6. The slot-loading disc loading system of claim 4, wherein the bottom case comprises a set of bumps corresponding to a plurality of separate tabs for holding a number of compatible clips to thereby position the disc from the inner slide. Released.

7. The slot-loading disc loading system of claim 2 wherein the inner slider further comprises a plurality of large disc controls; and a lower pressing block for actuating the lever mechanism to block the jack from reinserting the disc.

8. The slot-loading disc loading system according to claim 7, wherein the inner slider further comprises a certain number of guiding protrusions on its vertical side, the certain number of guiding protrusions having different sizes, and the guiding protrusion at the rear end. It is smaller than the guide protrusion at the front end.

9. The slot-loading disc loading system of claim 1 which can be a component of an optoelectronic technology device, such as a computer, a disc player or the like.

10. The slot-loading optical disc loading system of claim 2, wherein the compatible clip further comprises a number of magnetic blocks corresponding to a number of iron pieces on the inner slide to maintain the compatible clip and the inner movement The sliding clip is tightly attached.

11. The slot-loading disc loading system according to claim 10, wherein the inner slider further comprises a limiting device for preventing the inserted disc from being too heavy to push the large disc control; and corresponding to the number of small holes A number of limit devices on compatible clips.

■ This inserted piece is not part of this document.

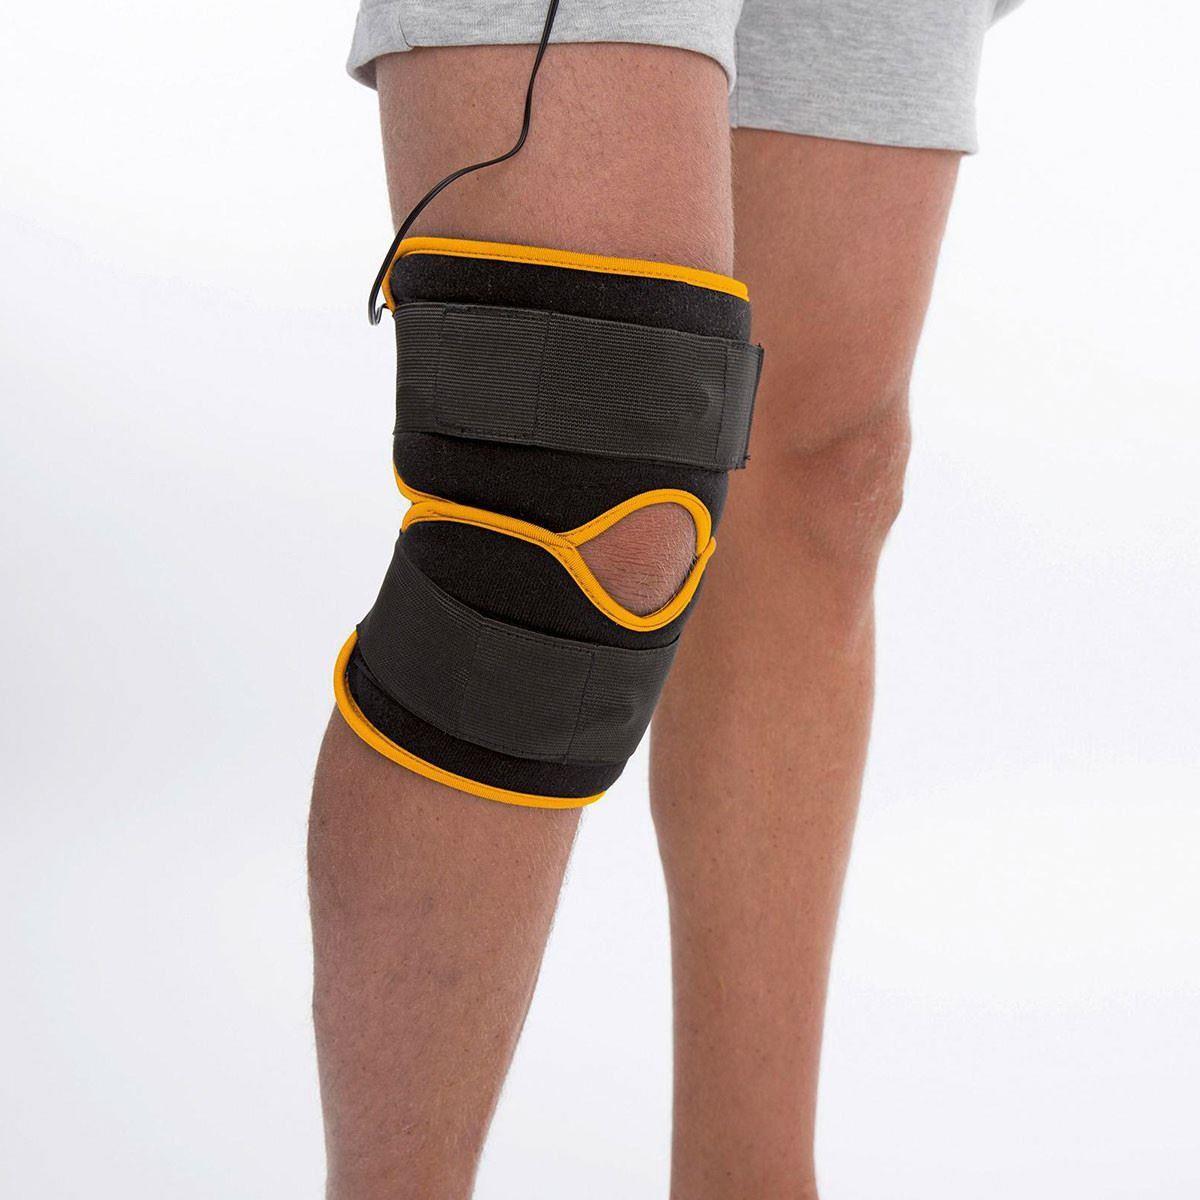 Beurer EM 29 Tens Knee   Elbow   hotpoint.co.ke 2faf57c0fe2

12. The slot-loading disc loading system of claim 1 wherein a number of rails are formed on the inner surface of the rear side of the housing that is formed by the combination of the upper cover and the bottom case.

13. The slot-loading optical disc loading system of claim 12, wherein the number of tracks The track is horizontally oriented with the first track extending in the direction of insertion of the disc, and at the end of the horizontal track is a downward bevel that separates the inner slide from the transported disc.

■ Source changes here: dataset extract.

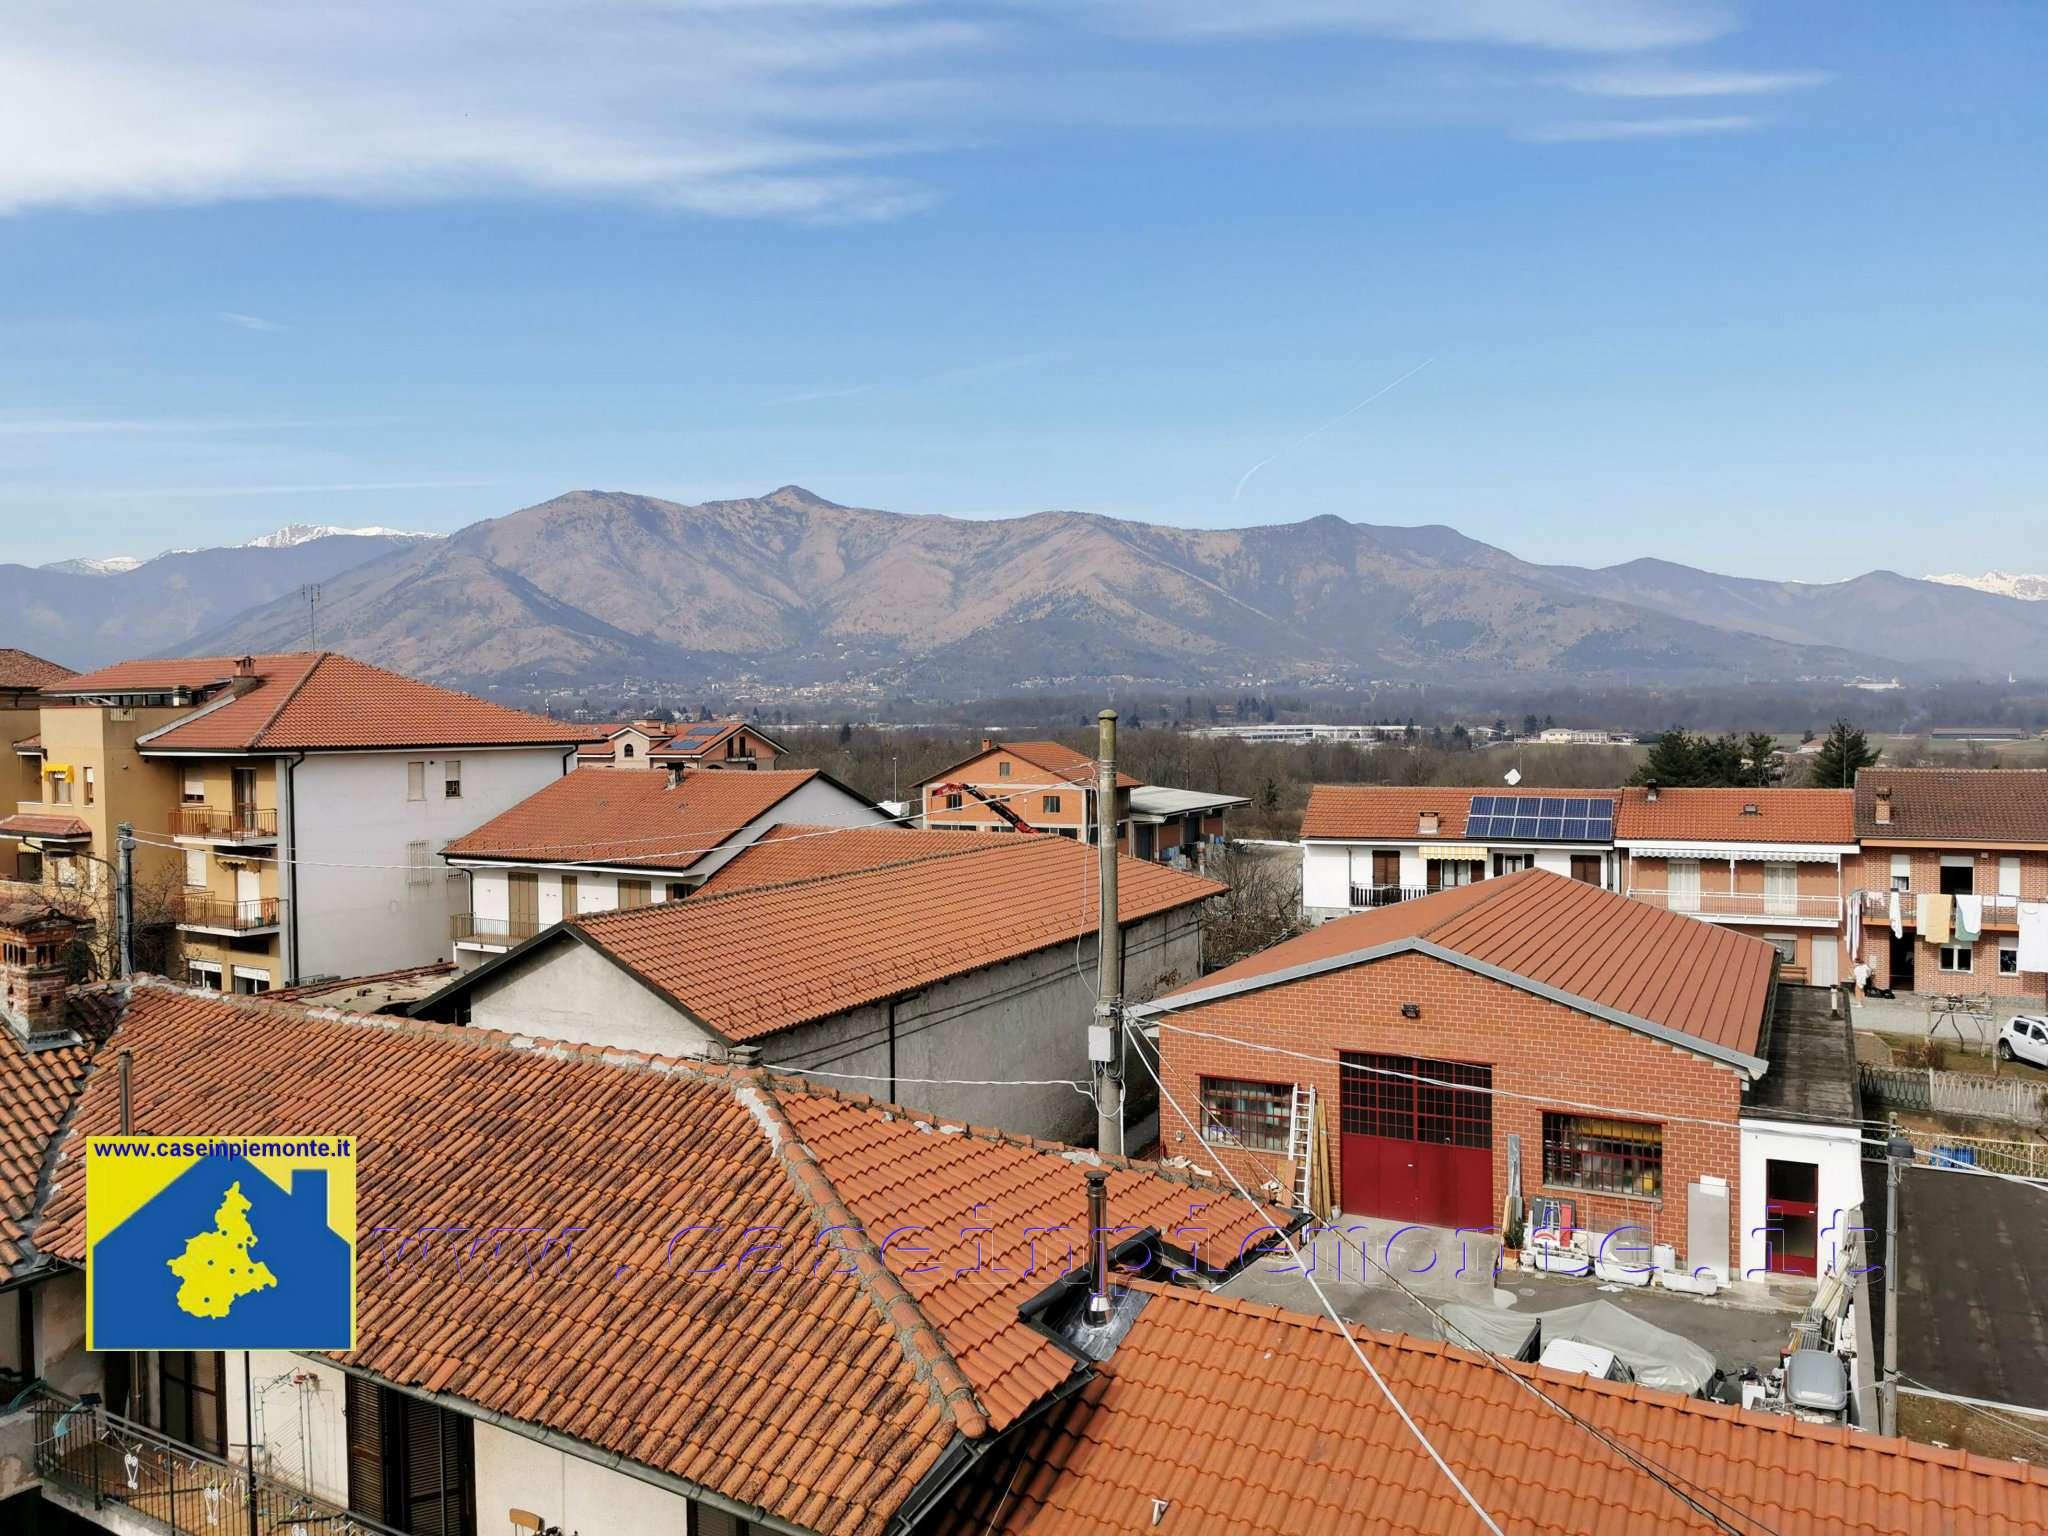 Appartamento in vendita a San Gillio, 5 locali, prezzo € 99.000 | PortaleAgenzieImmobiliari.it

14. The slot-loading disc loading system of claim 13 wherein the track is turned to the second horizontal track at the end of the ramp.

15. The slot-loading disc loading system of claim 14 wherein the second section of the horizontal track of the first section of the horizontal track box is parallel.

16. The slot-loading disc loading system of claim 1 wherein the standing side wall further comprises a recess formed in the stepped side wall as a stop to prevent the large guide projection.

17. The slot-loading disc loading system of claim 1 wherein the bottom box further includes a load stop; and an unloading stop.

18. The slot-loading disc loading system of claim 1 wherein the upper cover further includes a restraining aperture having a downward ring for restricting the disc from being caught over the laser head disc turntable.

19. The slot-loading disc loading system of claim 18, wherein the disc clip is stationary above the inner slider when idle, and when the inner slider moves to the final position, the disc clip and the inserted disc fall The laser head is on the disc turntable.

20. The slot-loading disc loading system according to claim 19, wherein the disc clip inserted above the disc is in a lowering operation in which the inner slider is lifted by the inner slider and is reinserted into the restriction hole. In the ring.